Problem requirements: Copying rule for the data below: pictures stay out, and only the lines from the one with "Βάμμα Γκότζι Μπέρι" down to the one with "Black Thread Necklace", inclusive, are repeated exactly.

Study material:
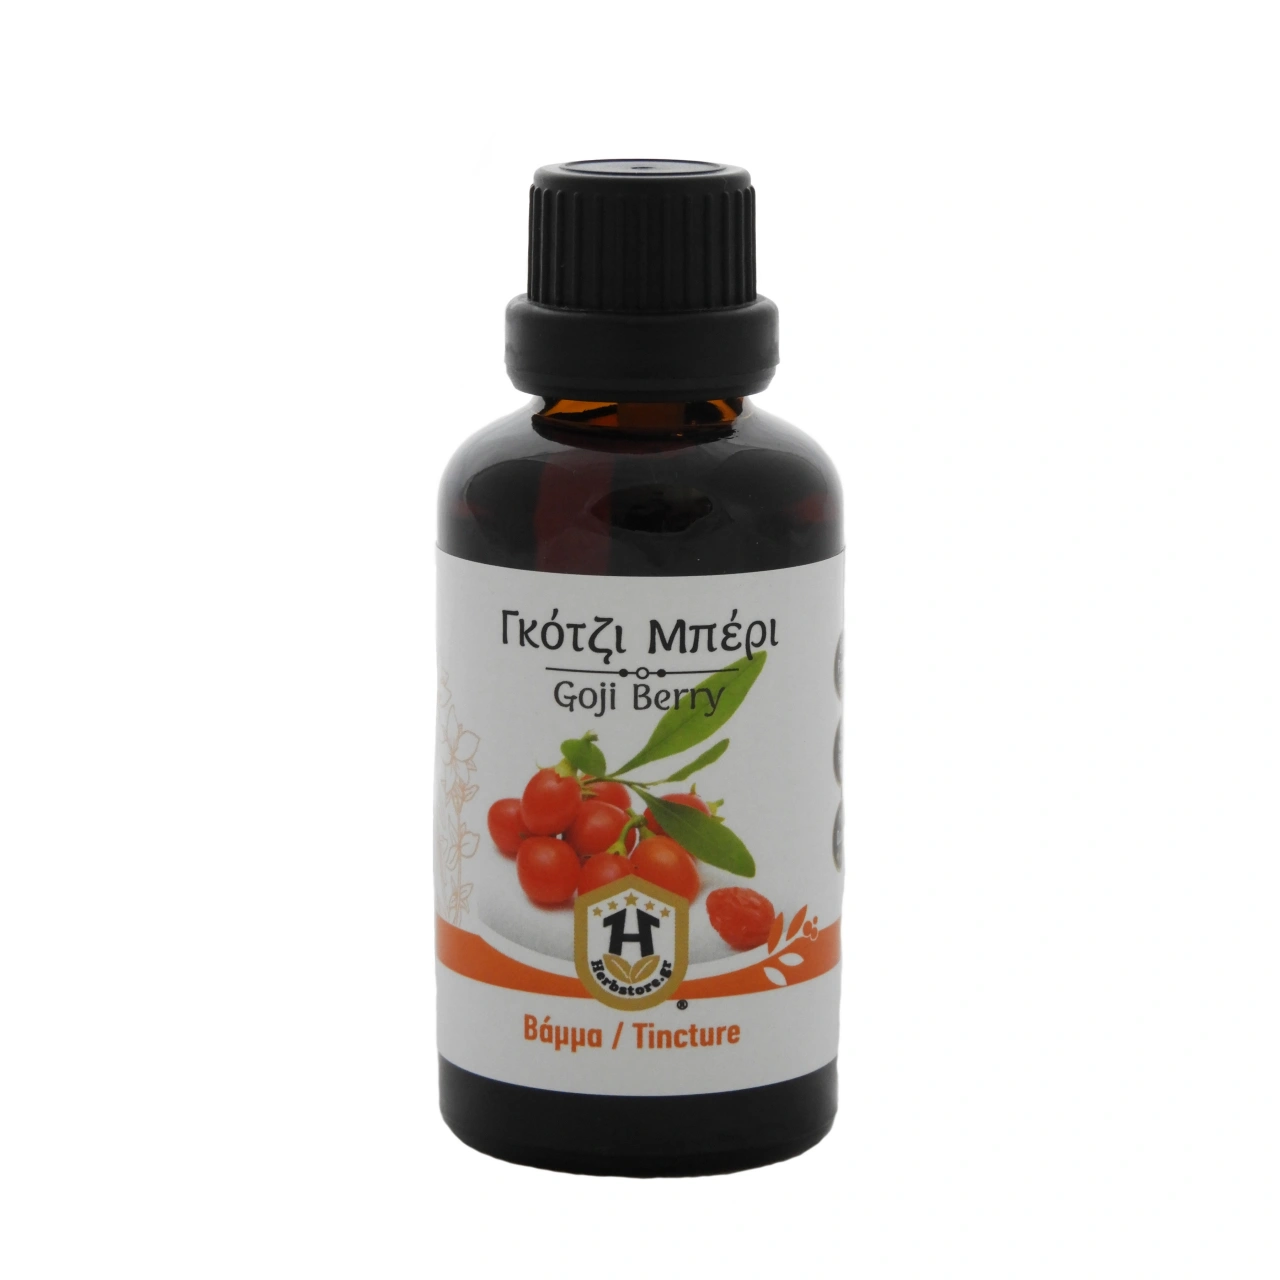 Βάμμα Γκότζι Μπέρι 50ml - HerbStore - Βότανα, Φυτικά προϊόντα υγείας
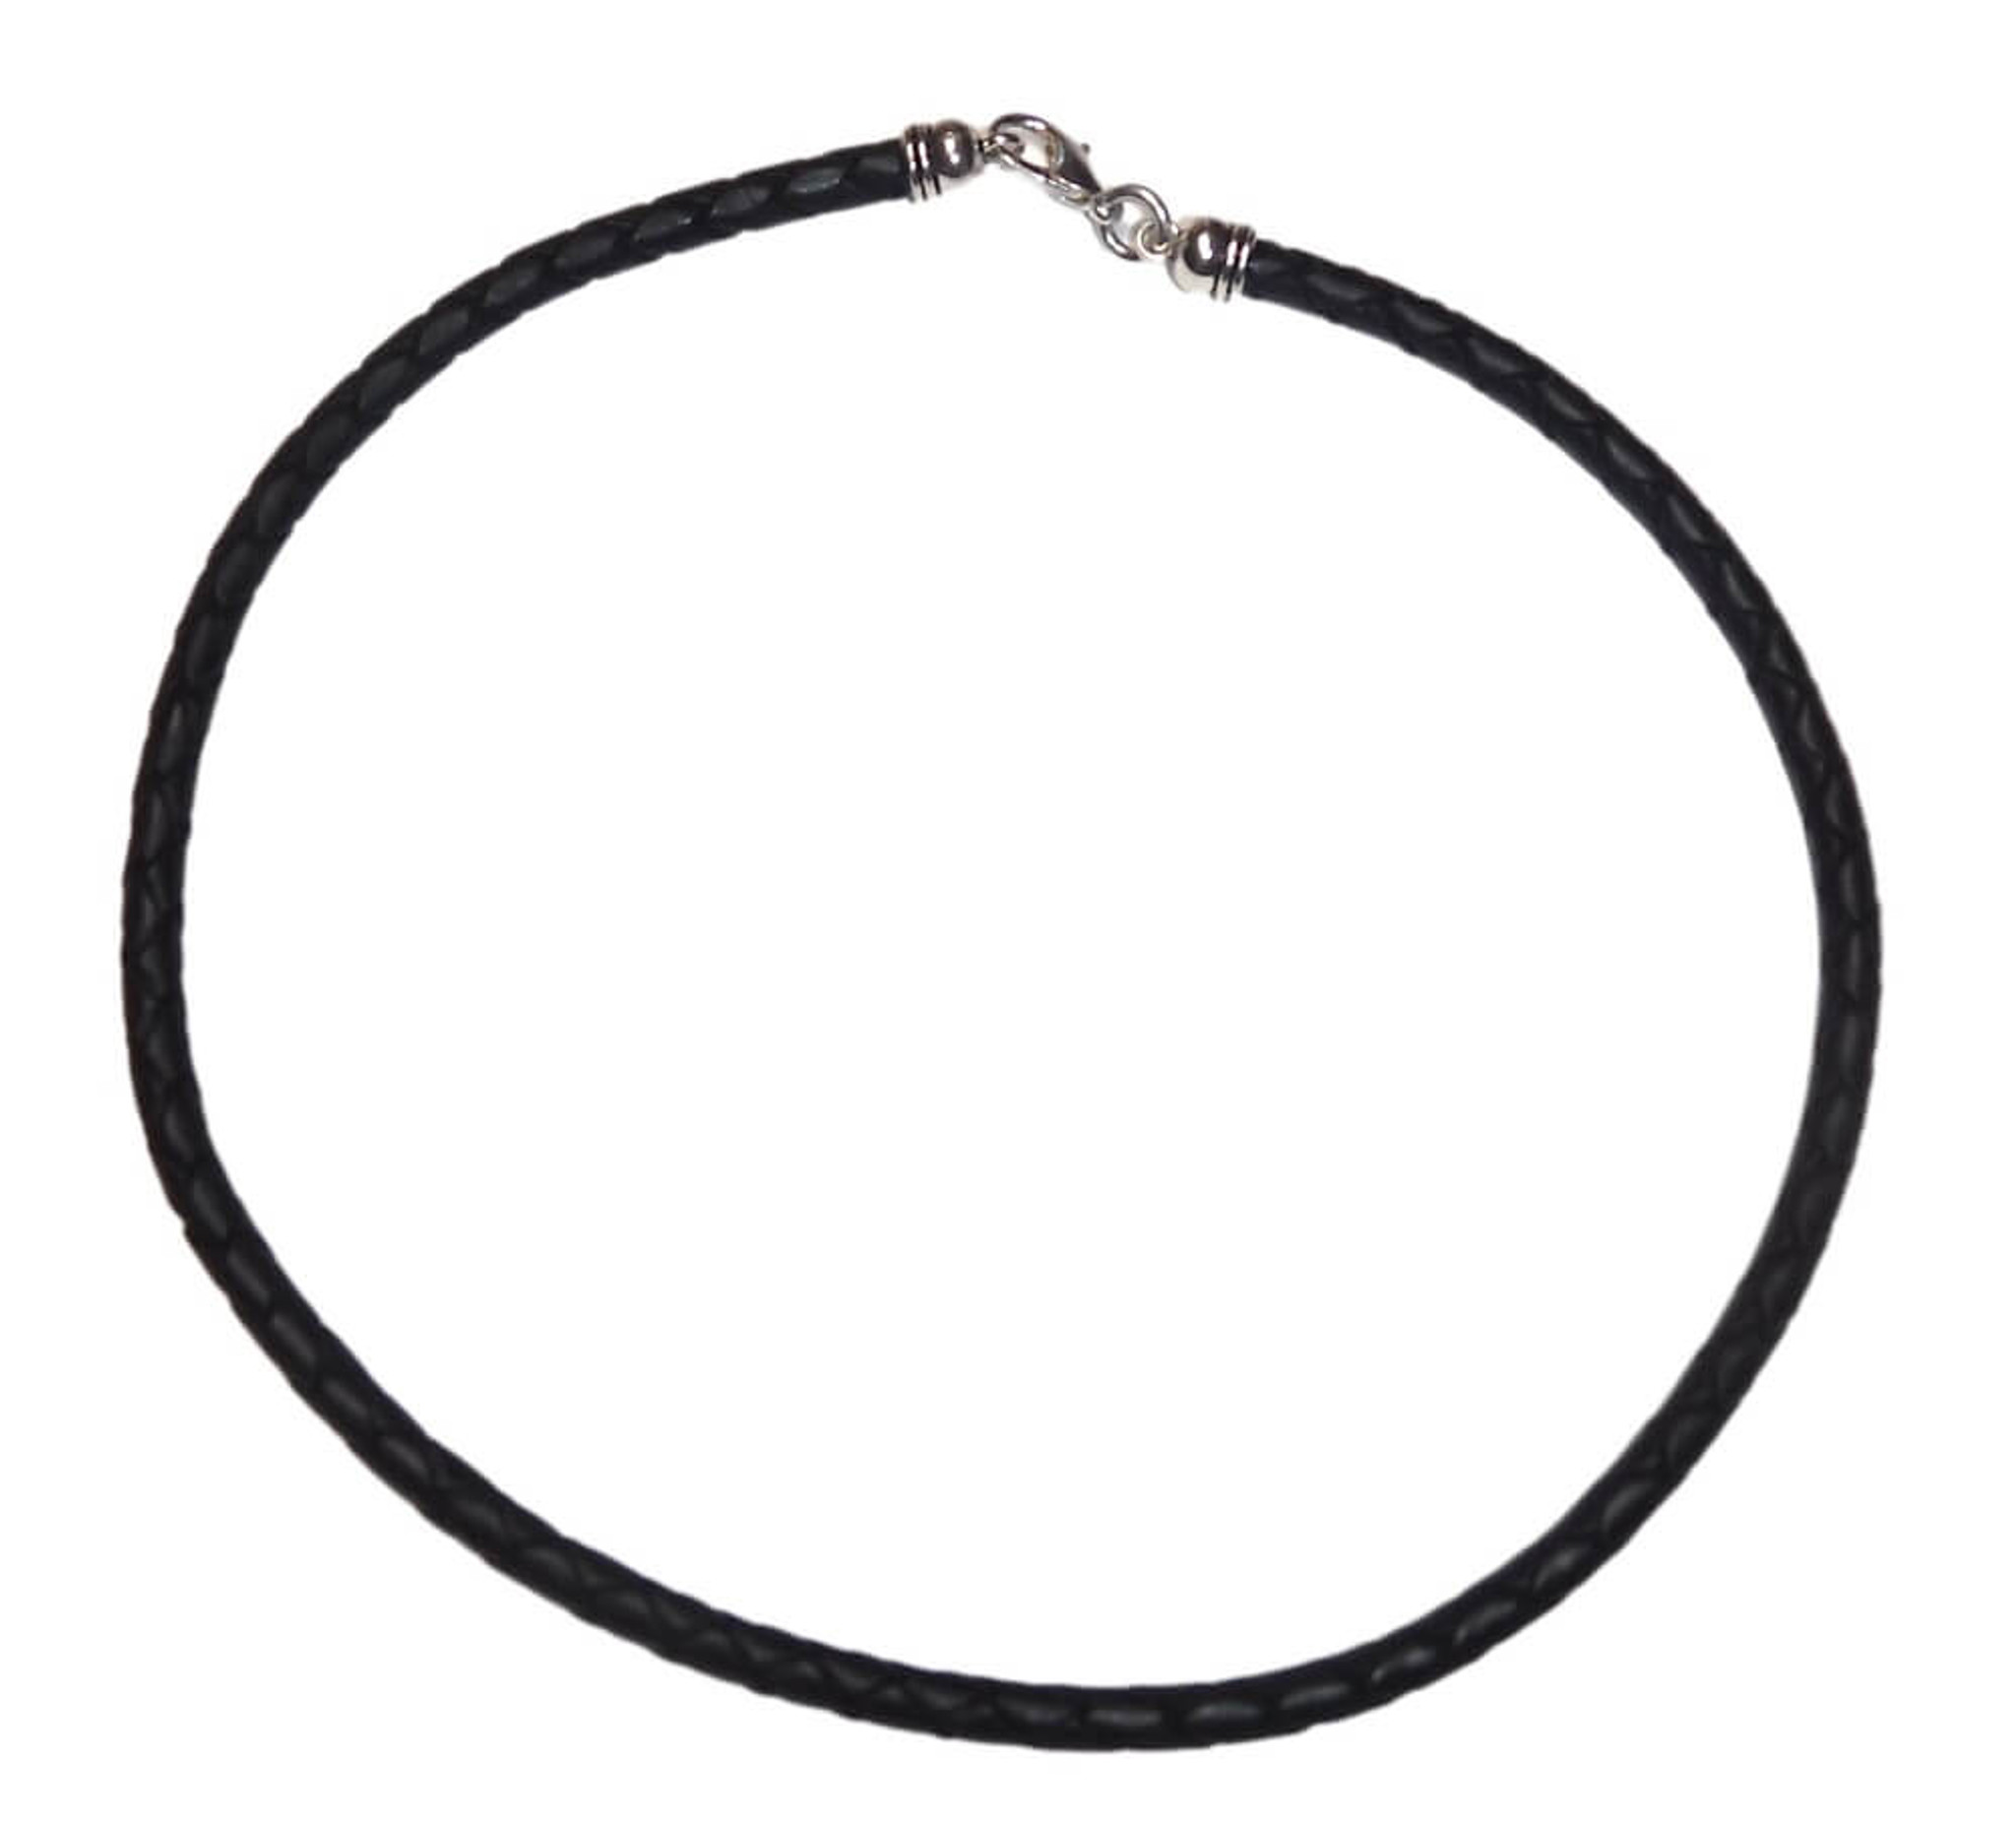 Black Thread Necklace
==
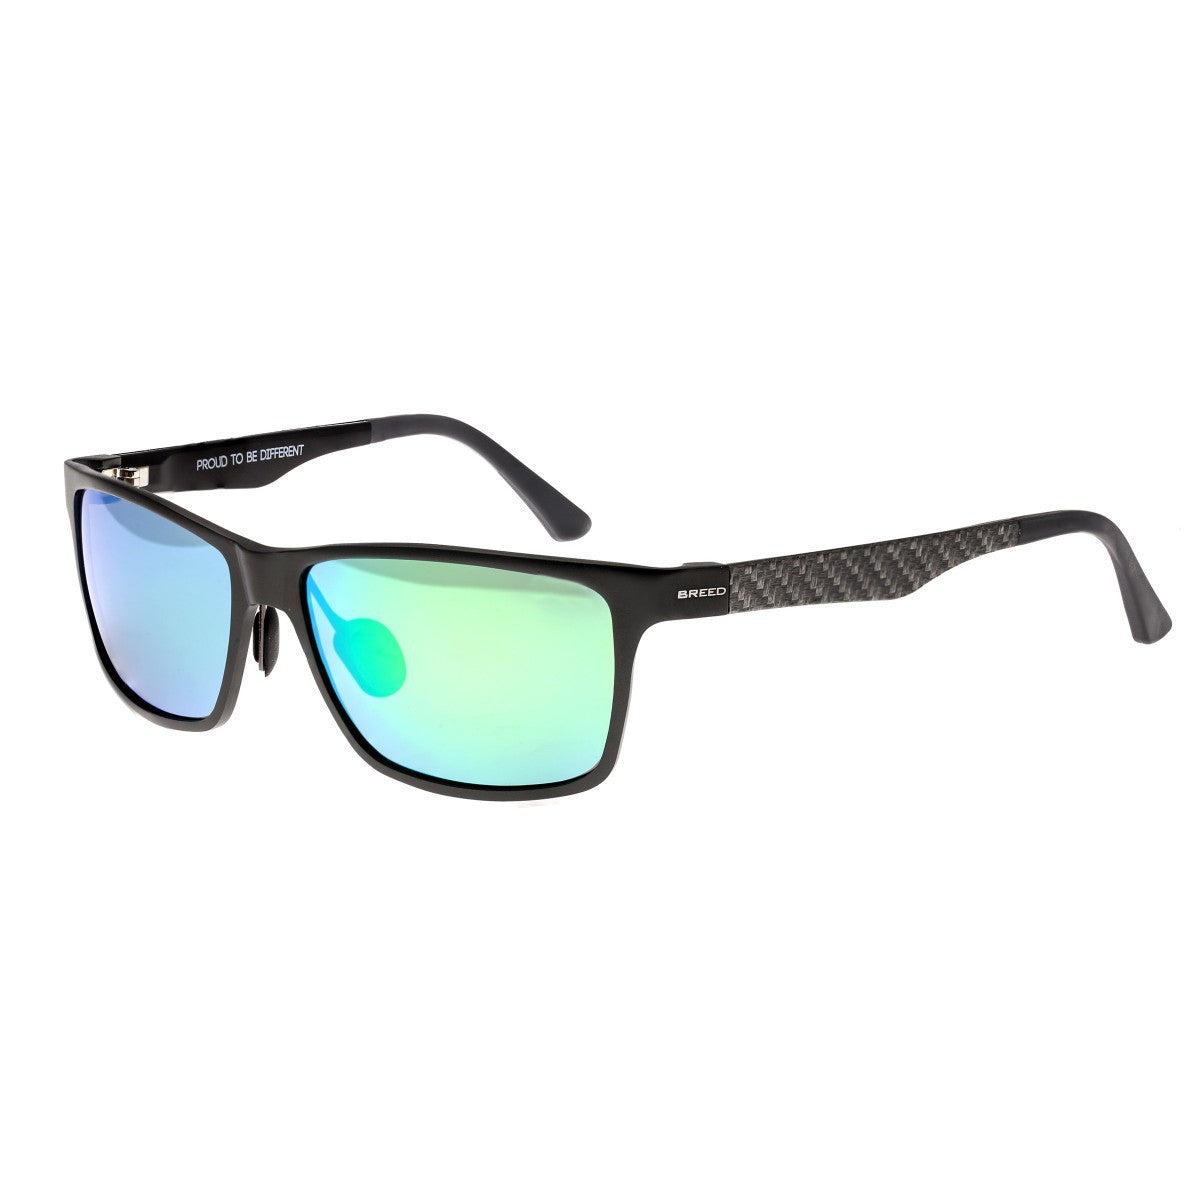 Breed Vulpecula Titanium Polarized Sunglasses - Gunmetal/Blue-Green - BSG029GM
* * *
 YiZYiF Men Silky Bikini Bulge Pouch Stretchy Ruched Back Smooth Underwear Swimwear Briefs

Completed task:
 Βάμμα Γκότζι Μπέρι 50ml - HerbStore - Βότανα, Φυτικά προϊόντα υγείας
 Black Thread Necklace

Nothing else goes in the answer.